Objetiva-se analisar o marxismo através da produção no historiador Eric Hobsbawm e
da escola dos annales através das obras: “Sobre história” do citado autor e “Uma história dos
annales (1921-2001) de Carlos Antonio Aguirre Rojas. Pode parecer pretensão querer analisar
o marxismo sem ter lido o próprio Karl Marx, mas fazê-lo seria praticamente impossível já
que sua obra é extensa e variadíssima, tratando não só de historiografia, mas também de
sociologia, economia, etc. Não se pretende esgotar o assunto no presente trabalho, já que, a
análise dos trabalhos de Marx é extremamente complexa e exigiria anos de estudo.
Analisar-se-á primeiramente o texto de Eric Hobsbawm e posteriormente, o de Carlos
Rojas, fazendo por fim a conclusão referente aos dois textos e, sempre que possível, expor-se-
á o que os dois autores dizem a respeito da questão sob análise.
Finalmente, pretende-se entender em que a obra marxista e os annales contribuem
para o entendimento da imigração italiana após 1950.
1 ______. O que os historiadores devem a Karl Marx? In: ______. Sobre história. São Paulo, Companhia das Letras, 1998. p. 156.
1.1. O que os historiadores devem a Karl Marx?
Para Eric Hobsbawm o século XIX não foi o século em que a ciência histórica evoluiu
em seu entendimento e dos historiadores em si também. A história é a ciência que analisa e
coloca sob um cunho crítico os fatos a que se propõe estudar, e o desenvolvimento da
compreensão desses acontecimentos através do tempo. Mas, quais são os fatos que devam ser
analisados atentamente pelo historiador?
Ao responder a essa questão obtém-se então um “depende”.
Em alguns países os fatos entendidos como aqueles dignos de observação, análise,
aqueles que devem ser estudados são os institucionalmente importantes. São os fatos que o
“Estado” elegeu como importantes dignos de nota.
O enfadonho, entretanto, é que, perceber-se-ia que esses fatos estariam adstritos ao
tempo cronológico. O que, com certeza, é um critério não muito apreciado pelos historiadores.
Para o autor seria a história no singular (Hobsbawm, 1998b, p. 156).2 Seria aquela história da
política, da guerra, da diplomacia; ou então, simplesmente tratada como “a história ensinada
pelos professores, relativa a reis, batalhas e tratados “(Hobsbawm, 1998b, p.156)3. Neste caso
são aquelas obras em que as pessoas, o povo, não toma parte e que por isso são vazias de
significado. Segundo Hobsbawm (1998b, p.156)4 seriam histórias que se tratadas com
erudição e método poderiam ser classificadas com epítetos descritivos como constitucional,
econômica, eclesiástica etc. Nesse ponto, o autor faz uma crítica dizendo que, os
historiadores, pela sua inocência, poderiam ser chamados de positivistas, ou seja, aqueles
historiadores que aceitam escrever ou falar de um dado fato ocorrido em um lugar
determinado, dando a ele um pensamento científico popularizado5, melhor dizendo, um
entendimento de senso comum; e assim os documentos poderiam ser organizados e dispostos
como aqueles que dão a “verdade exata da história”6.
Após esse momento, passa-se a ter vez a história do período pós-moderno, ou da
história pós-moderna, caracterizado pela “saída de cena”das análises econômicas, e
sociológicas da história para dar espaço a abordagens mais específica, como a história dos
usos e costumes, do vestuário etc., onde se deixa para trás as macro-análises e surgem então
as micro-análises de questões que se quer tinham espaço anteriormente.
2 Ibdem, p. 1563 Ibid. p. 1564 Ibid., p. 156.5 Ibid., p. 156.6Ibid., p. 156.

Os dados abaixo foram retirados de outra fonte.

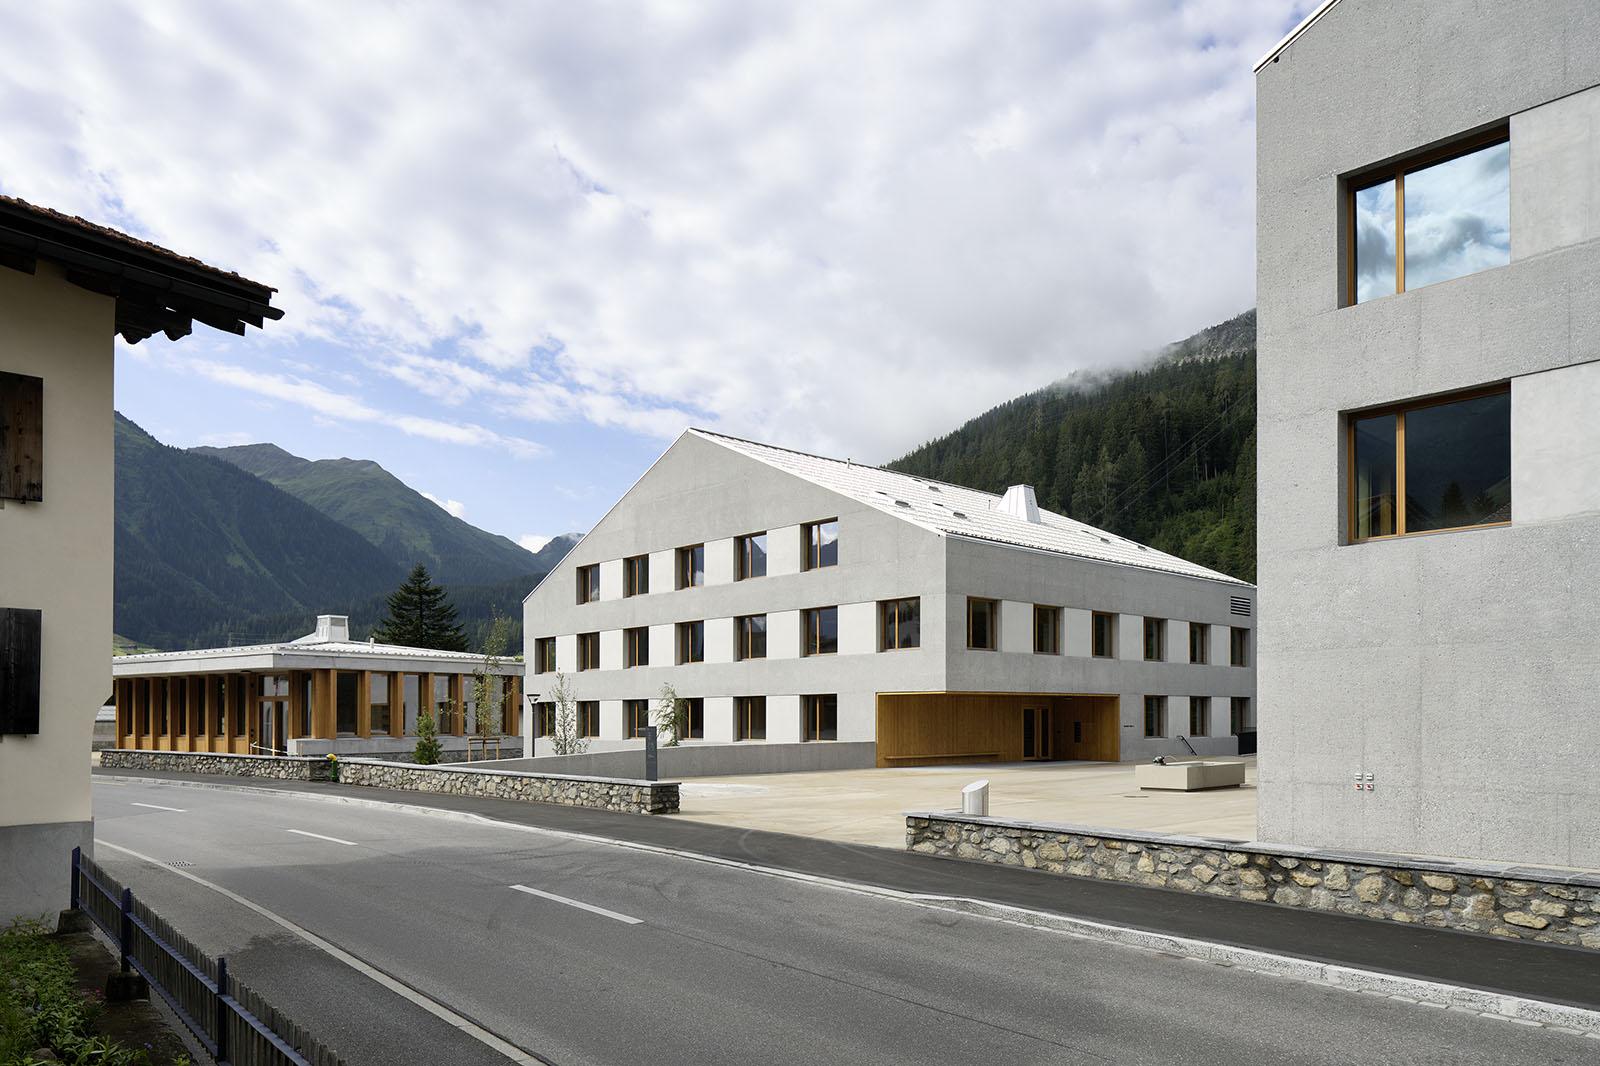 schulhaus-klosters-003

Hobsbawm menciona que a ciência histórica do século XIX tinha ajudado muito
pouco o homem a compreender essas questões temporais. Buscando um referencial
materialista no lugar de um idealista, levou-se ao declínio da história política e a ascensão da
história econômica e sociológica (1998b, p. 156).7 Para o autor a única corrente de
pensamento que teria ajudado o homem a compreender os problemas sociais; além do
marxismo seria o positivismo e, a melhor contribuição do mesmo para o entendimento dessas
questões seria o darwinismo social, forma também popular como ficou conhecida,
genericamente teoria de Charles Darwin nos fenômenos sociais. Para o autor as contribuições
dos autores positivistas para o entendimento dos fatores sociais seriam especulativos ou
meramente metafísicos (Hobsbawm, 1989b, p. 158).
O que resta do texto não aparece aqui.